Artikel 35, lid 1, Weens Koopverdrag luidt:
De verkoper dient zaken af te leveren waarvan de hoeveelheid, de kwaliteit en de omschrijving voldoen aan de in de overeenkomst gestelde eisen en die verpakt zijn op de in de overeenkomst vereiste wijze .
Het tweede lid van dat artikel luidt:
Tenzij partijen anders zijn overeengekomen, beantwoorden de zaken slechts dan aan de overeenkomst indien zij:
a. geschikt zijn voor de doeleinden waarvoor zaken van dezelfde omschrijving gewoonlijk zouden worden gebruikt;
b. geschikt zijn voor een bijzonder doel dat uitdrukkelijk of stilzwijgend aan de verkoper ter kennis is gebracht op het tijdstip van het sluiten van de overeenkomst, tenzij uit de omstandigheden blijkt dat de koper niet vertrouwde of redelijkerwijs niet mocht vertrouwen op de vakbekwaamheid en het oordeel van de verkoper;
c. de hoedanigheden bezitten van zaken die de verkoper als monster of model aan de koper heeft aangeboden
d. zijn verpakt op de voor zodanige zaken gebruikelijke wijze of, indien er hiervoor geen gangbare handelwijze bestaat, op een met het oog op bescherming en behoud van de zaken passende wijze.
5.12.
Uit een e-mail van 11 april 2024 blijkt dat [partij B] zich beklaagt over de kwaliteit van de geleverde klompen:
‘(…) We currently have 6 boxes of clogs ready that have to be returned to the factory in Portugal because they are not of good quality (…)’.
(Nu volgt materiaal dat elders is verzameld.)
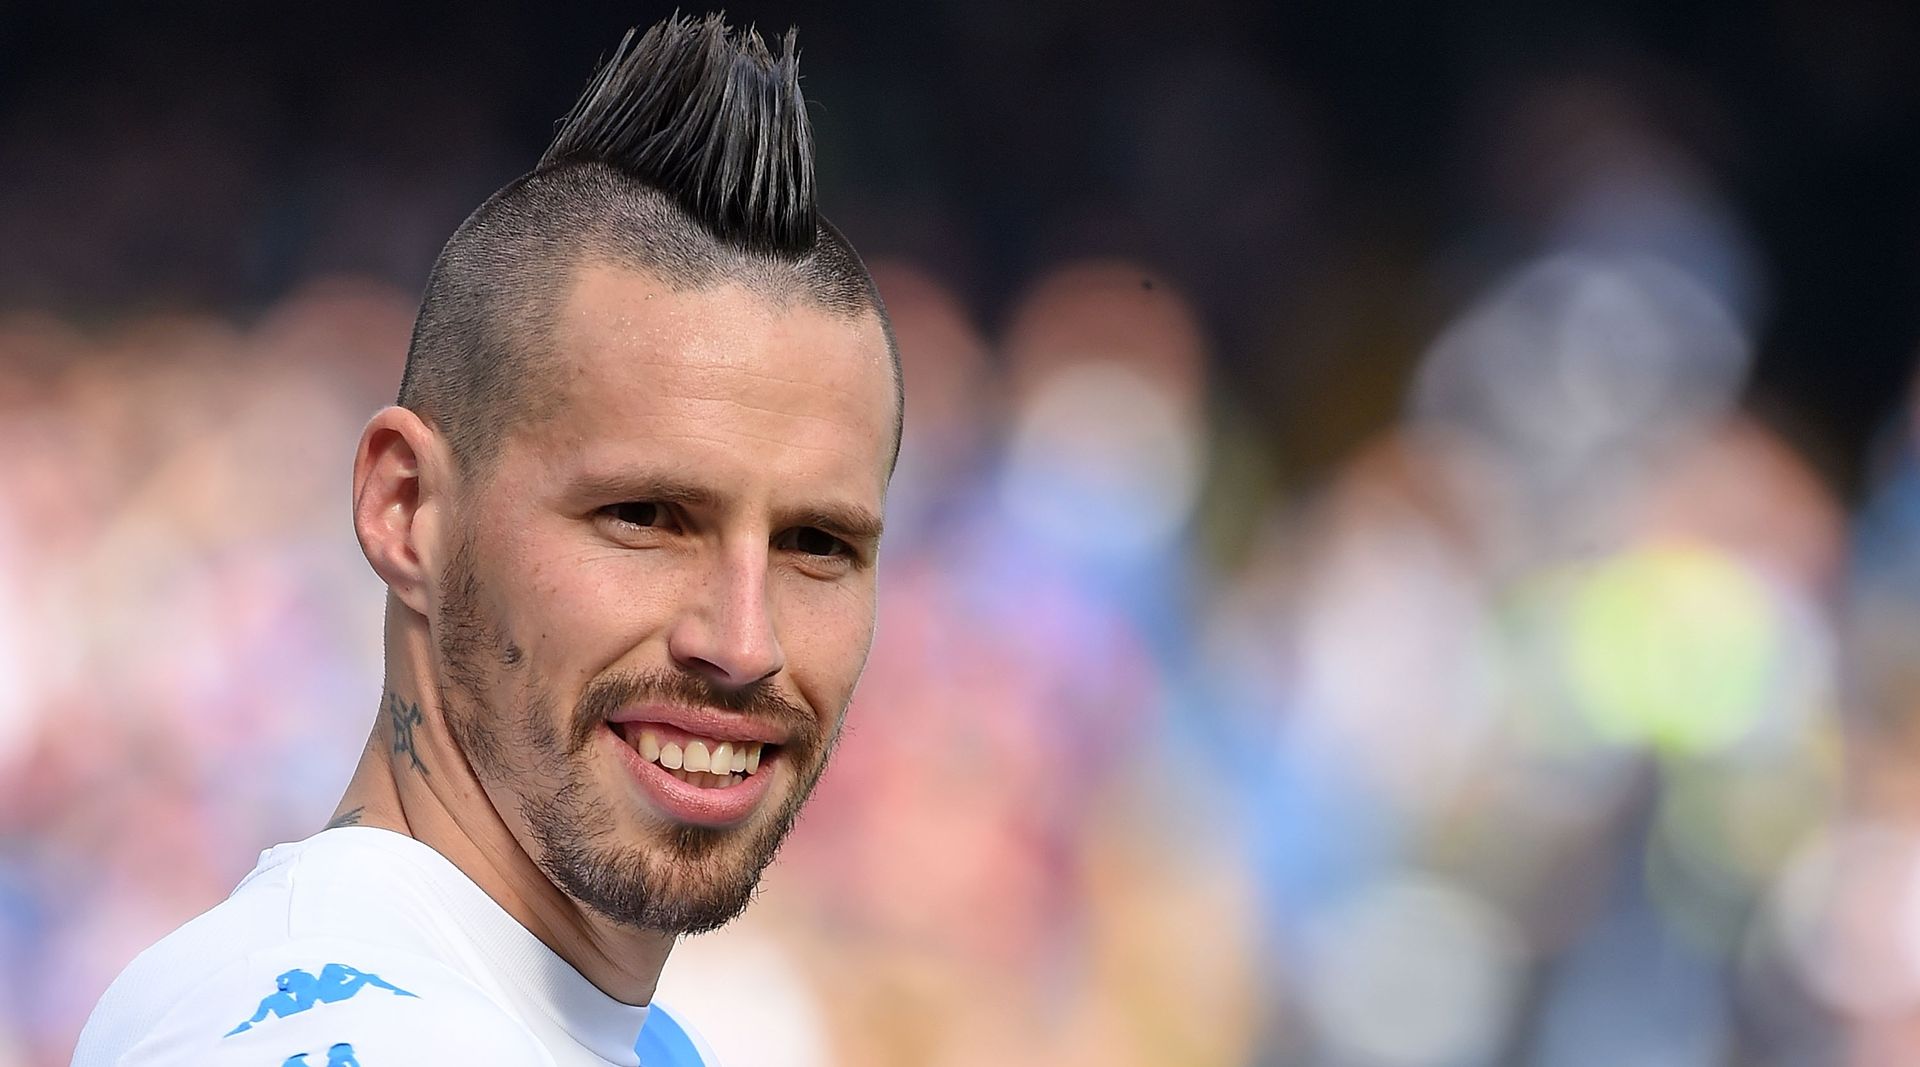 <p>                     Sporting an almighty mohawk, Marek Hamsik dazzled in a multitude of midfield roles for Napoli for more than a decade.                   </p>                                      <p>                     Slovakia’s best player of all time, Hamsik scored 100 goals in just over 400 Serie A appearances for the Partenopei – with most of those coming between 2010 and 2019 – where he assumed the captaincy in 2014.                   </p>

De volgende dag heeft [partij A] per e-mail haar excuses gemaakt en heeft zij laten weten er alles aan te doen om herhaling te voorkomen en de klompen voortaan voor verzending te laten controleren. Ook verzoekt zij [partij A] de klompen ter reparatie naar Portugal terug te sturen:
‘We are making the best adaptation possible sorry for what happened I will find out and take the right measures and future care at this moment all production before entering the boxes will be inspected by [naam 1] at least until we get shape the shoes want.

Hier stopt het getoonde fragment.